Do I really need a price tag on every single item at a craft fair?

Yes. Most shoppers will not stop to ask how much something costs; they assume it is too expensive or too much hassle and keep walking. A visible price on every item, or a clear category sign covering a group of items, answers the buying question instantly and speeds up checkout. It also signals that you run a real, organized business.

Should craft fair prices end in .99 or be round numbers like $25?

At a cash-heavy craft booth, round numbers usually win. Charm pricing that ends in 9 is proven in catalog and online retail, but it slows down hand-made change and reads slower at a glance. Pricing to endings of $5 or $0, like $25 or $40, is faster to read and far easier to make change for during a busy show.

How big should the font be on my price tags and signs?
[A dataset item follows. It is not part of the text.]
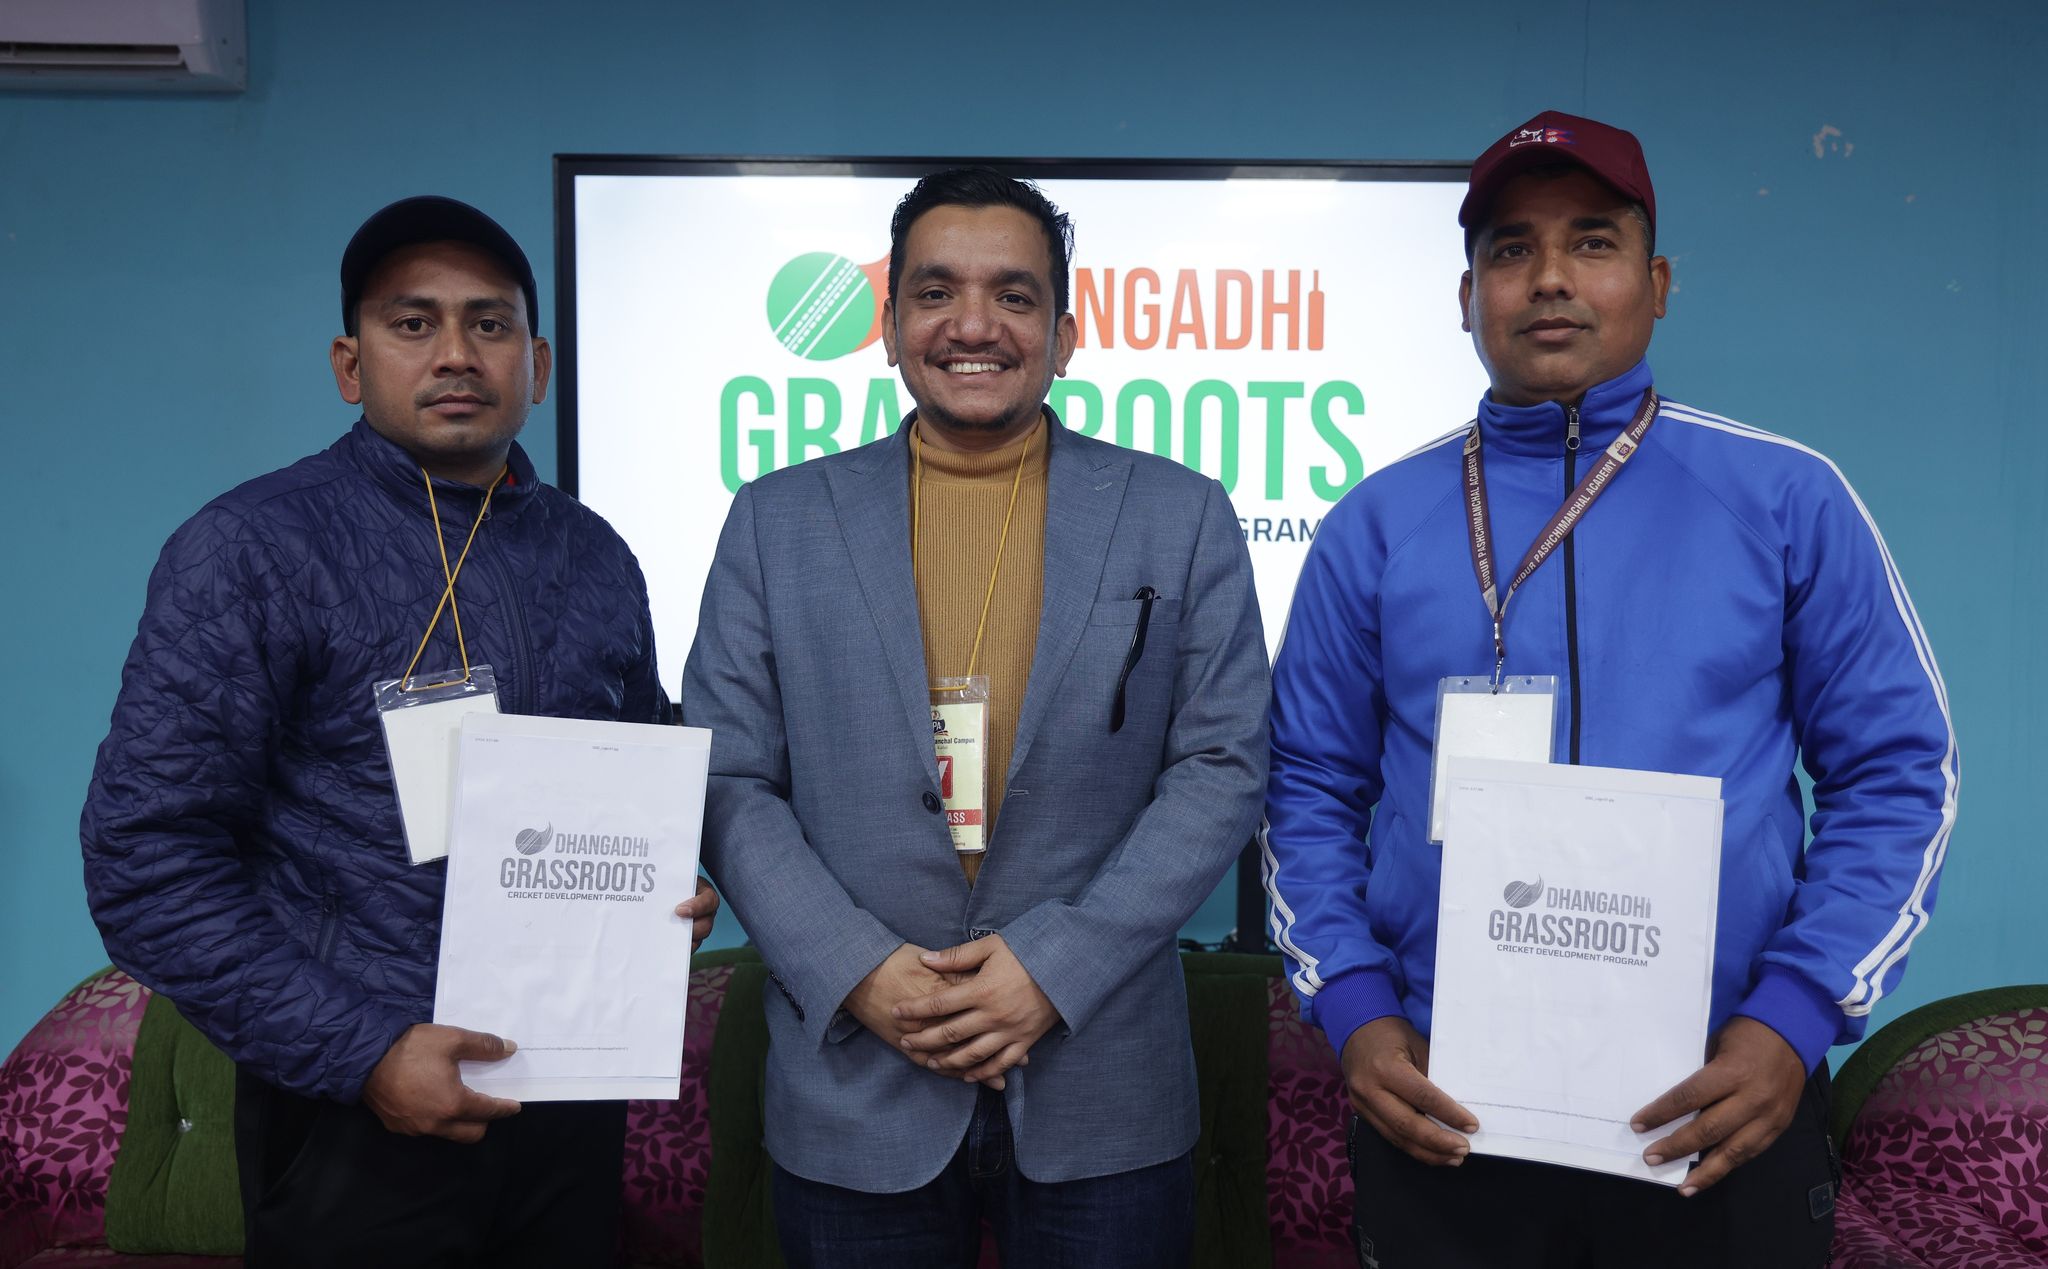 धनगढीमा ग्रासरुट क्रिकेटका लागि दुई प्रशिक्षक नियुक्त

Individual price tags should be legible at 3 to 4 feet, which means a minimum of 18 to 24 point bold text. Table and category signs are read from 6 to 10 feet away, so use about a 36 point headline with 24 point detail. Always use a bold sans-serif with high contrast, and avoid script fonts or light gray on white for the actual price.

What is the best material for craft fair price tags outdoors?

For outdoor shows use rigid, weatherproof materials like coroplast signs and laminated or acrylic table tents, and weight them down. Paper kraft tags flap in the wind, curl in humidity, and can blow off the table. Indoors, kraft string tags, chalkboard labels, and acrylic tents all work well and are inexpensive to reuse show after show.

How do I write a bundle deal on a price tag so it actually sells?

State both the deal and the dollar savings directly on the tag. For example, write 3 for $30 (save $6) rather than a vague multi-buy discount. Spelling out the saving does the math for the shopper and consistently outperforms an unexplained multi-buy offer that makes people calculate the benefit themselves.

Should I include sales tax in my price tags?

Many cash-heavy vendors bake sales tax into a round tag so a $25 tag means $25 out the door, which speeds up making change and keeps the line moving. You still have to track and remit the tax, so configure your point-of-sale to record the tax portion even when the tag is tax-inclusive. Many states, such as California, offer a free temporary seller's permit for short events, but the tax is still owed.